__Information__.
%%
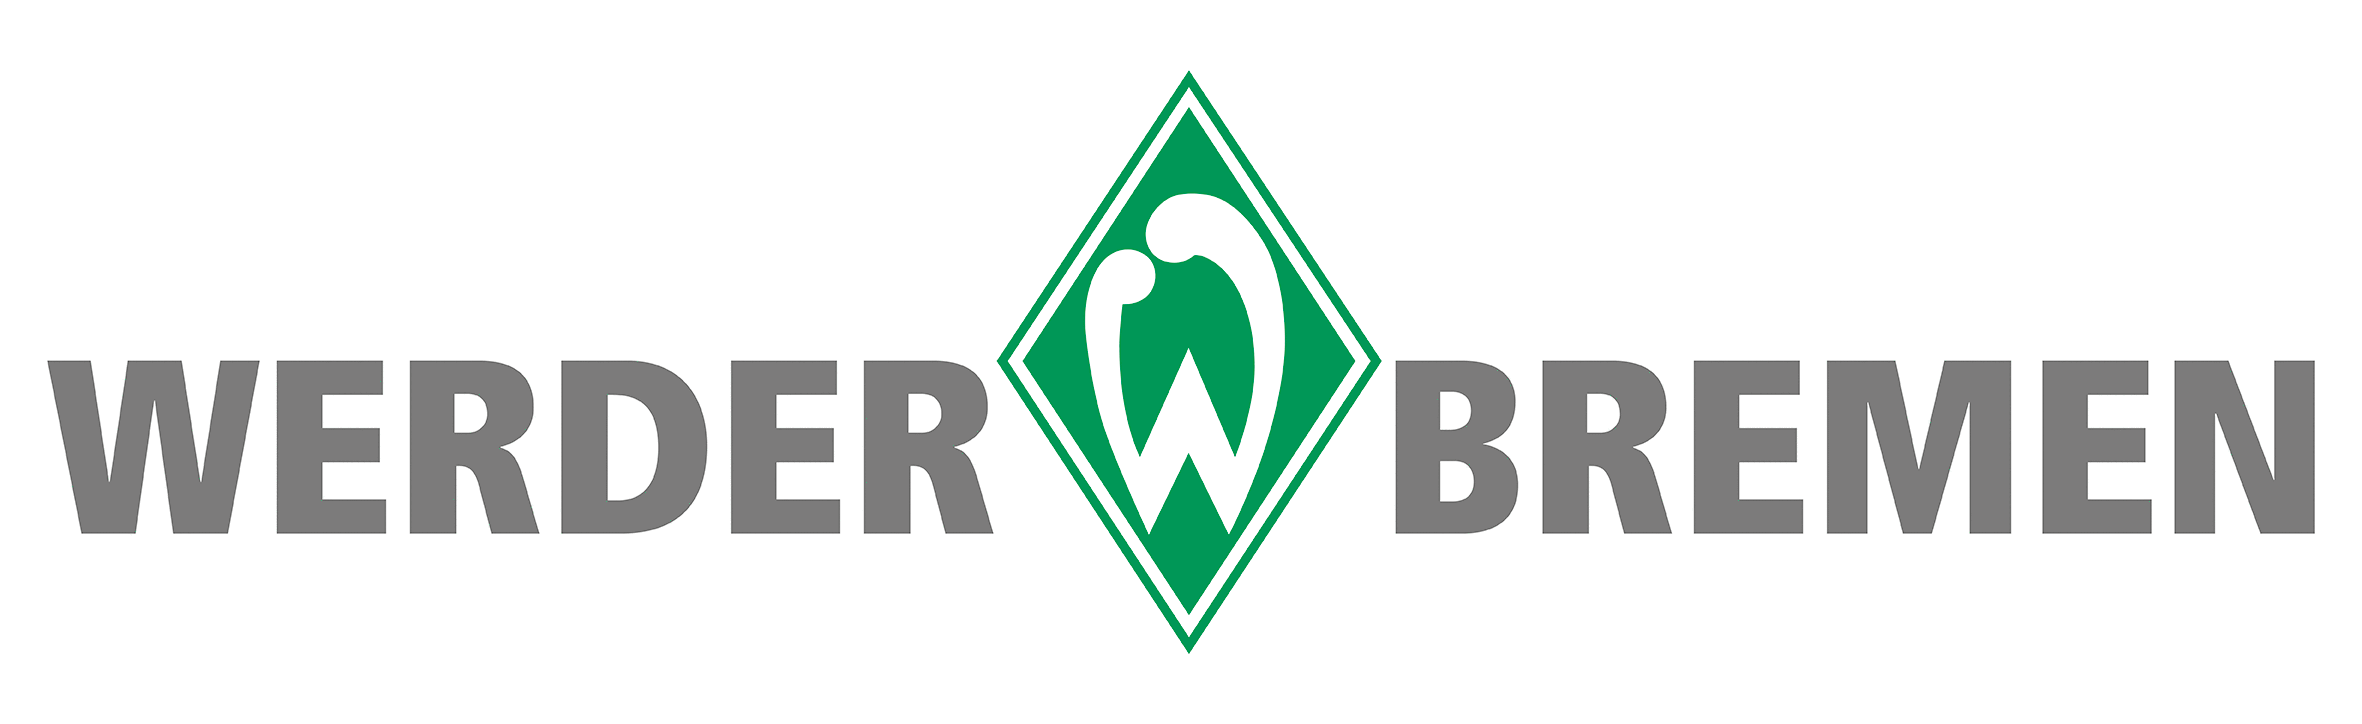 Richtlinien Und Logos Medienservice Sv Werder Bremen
%%
%%
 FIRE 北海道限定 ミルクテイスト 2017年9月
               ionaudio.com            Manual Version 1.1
%%
%%
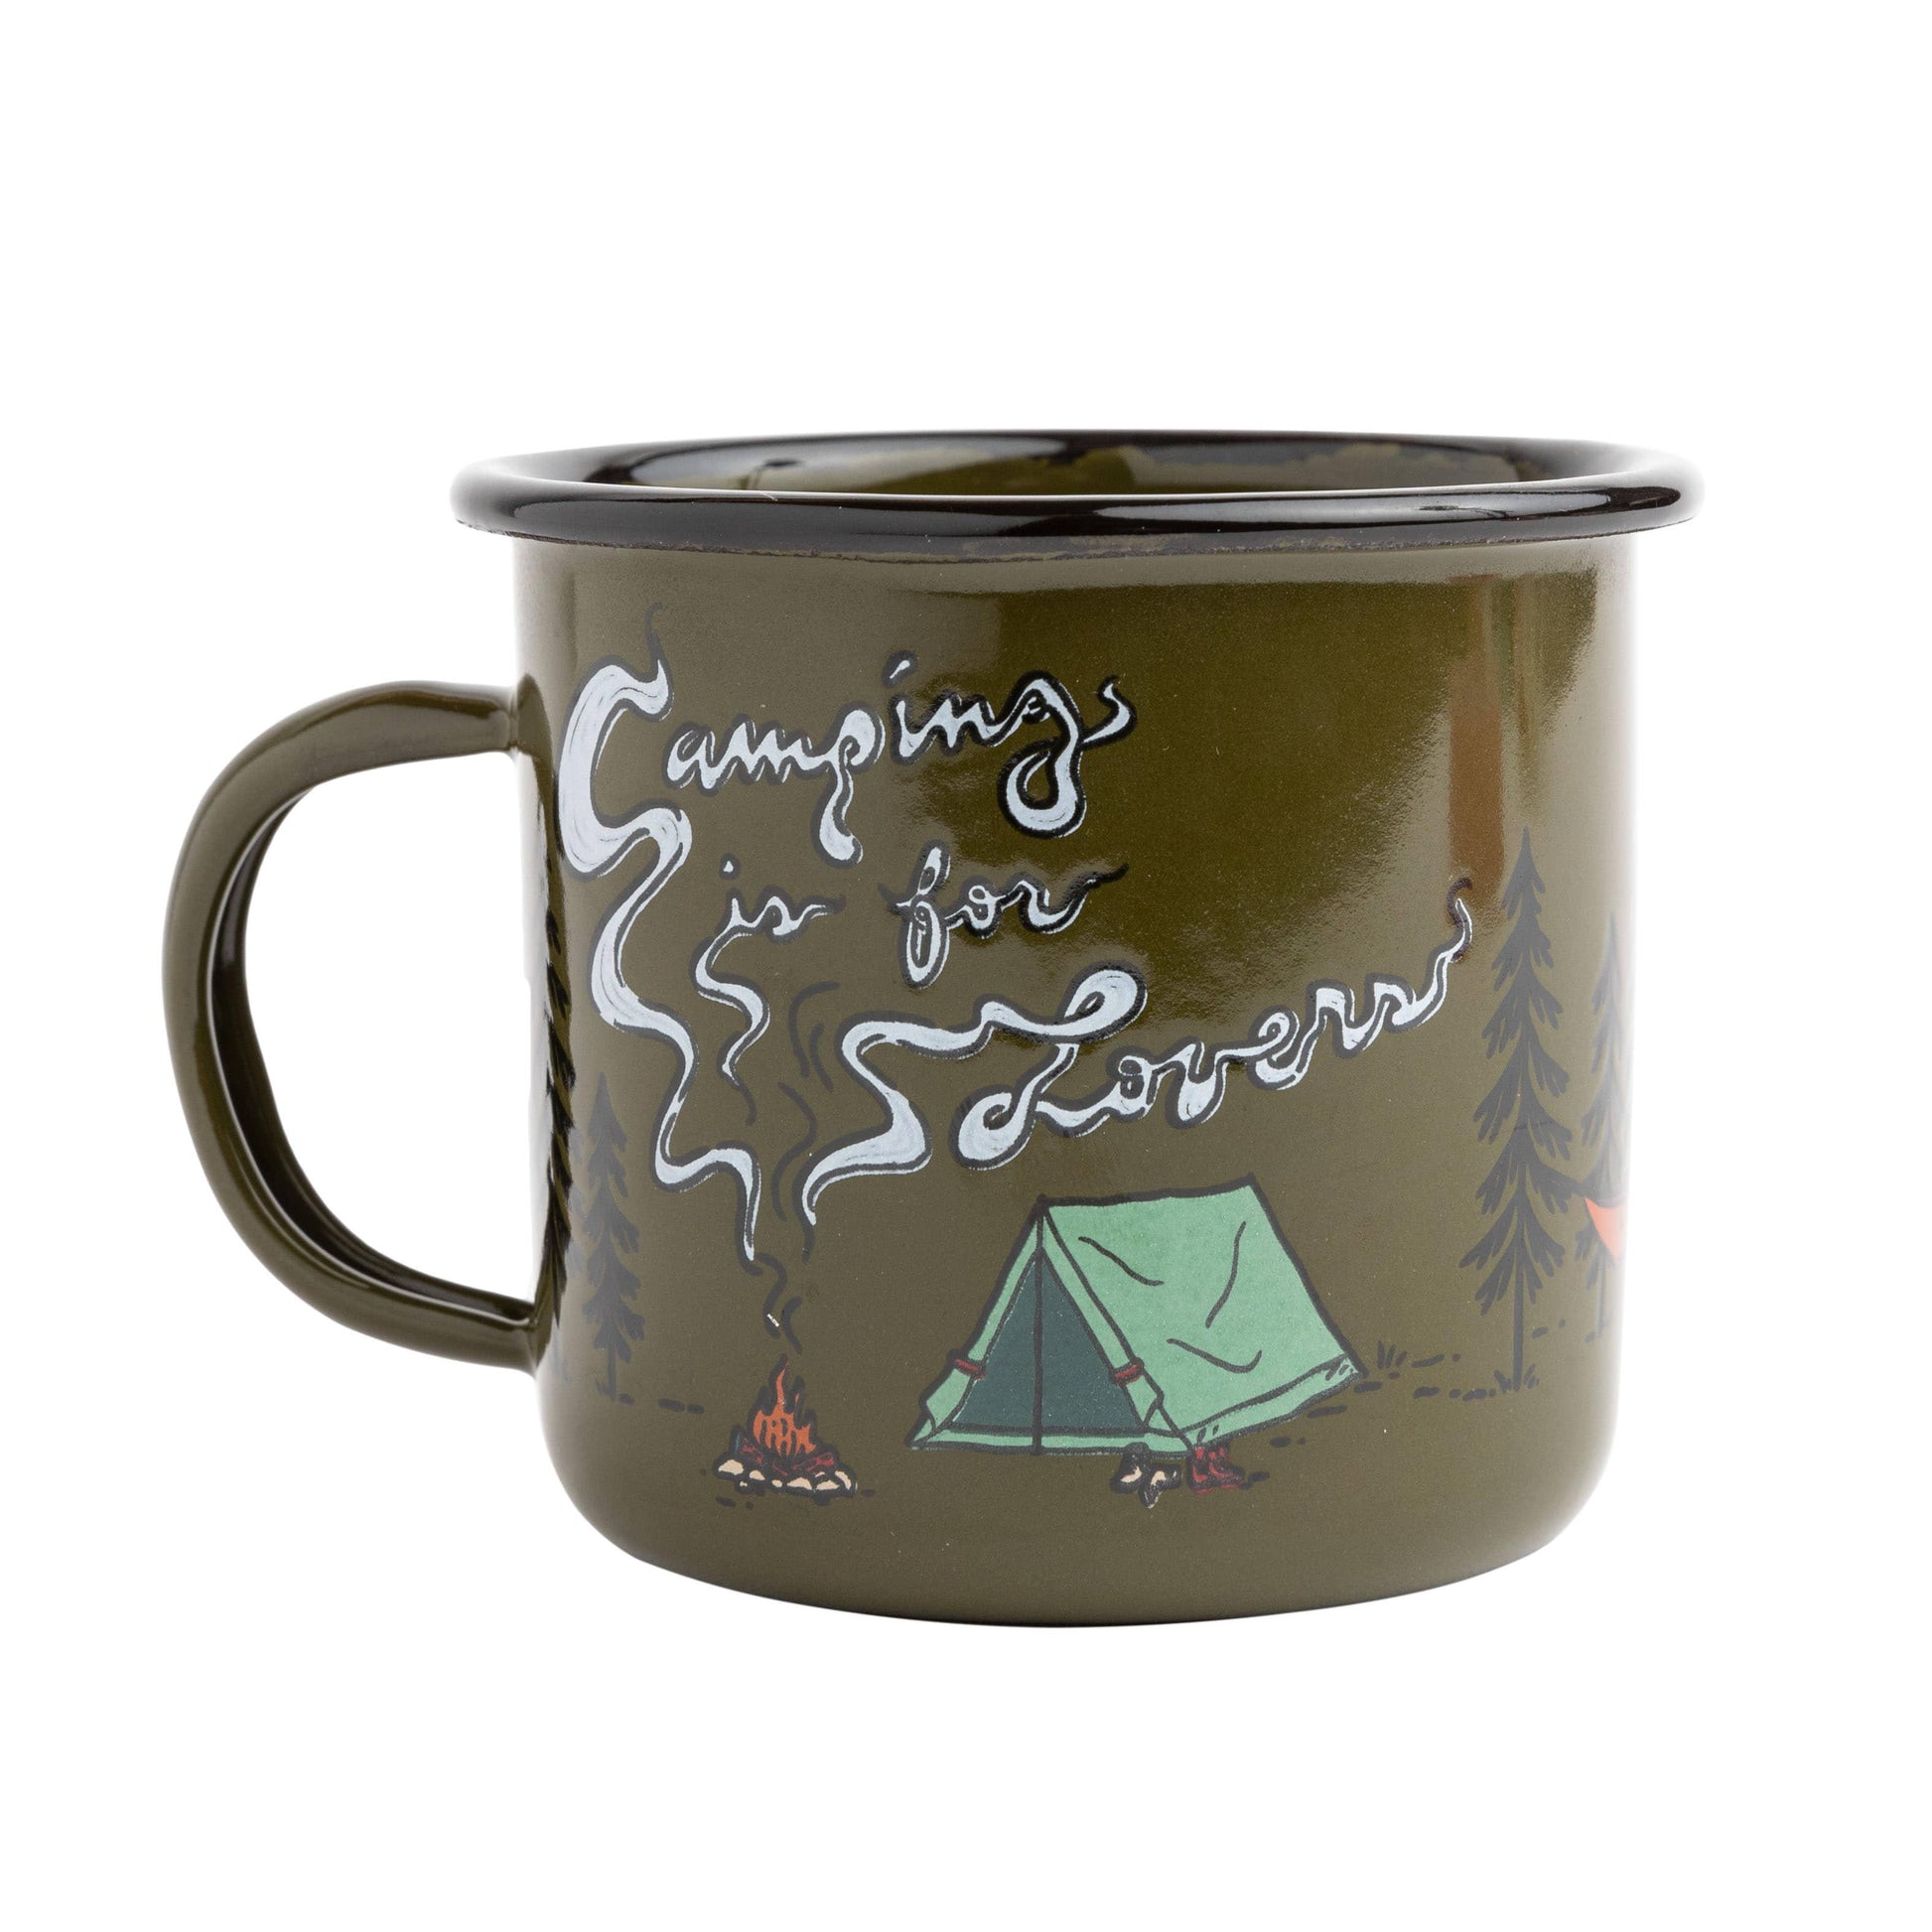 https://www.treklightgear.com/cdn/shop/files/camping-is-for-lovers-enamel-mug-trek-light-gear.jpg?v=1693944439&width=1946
%%
__Work required__.
Begin with the line above that has "FIRE 北海道限定 ミルクテイスト 2017年9月" and continue through the line that has "Manual Version 1.1", setting each one down exactly. Stop there.

__Response to the task__.
 FIRE 北海道限定 ミルクテイスト 2017年9月
               ionaudio.com            Manual Version 1.1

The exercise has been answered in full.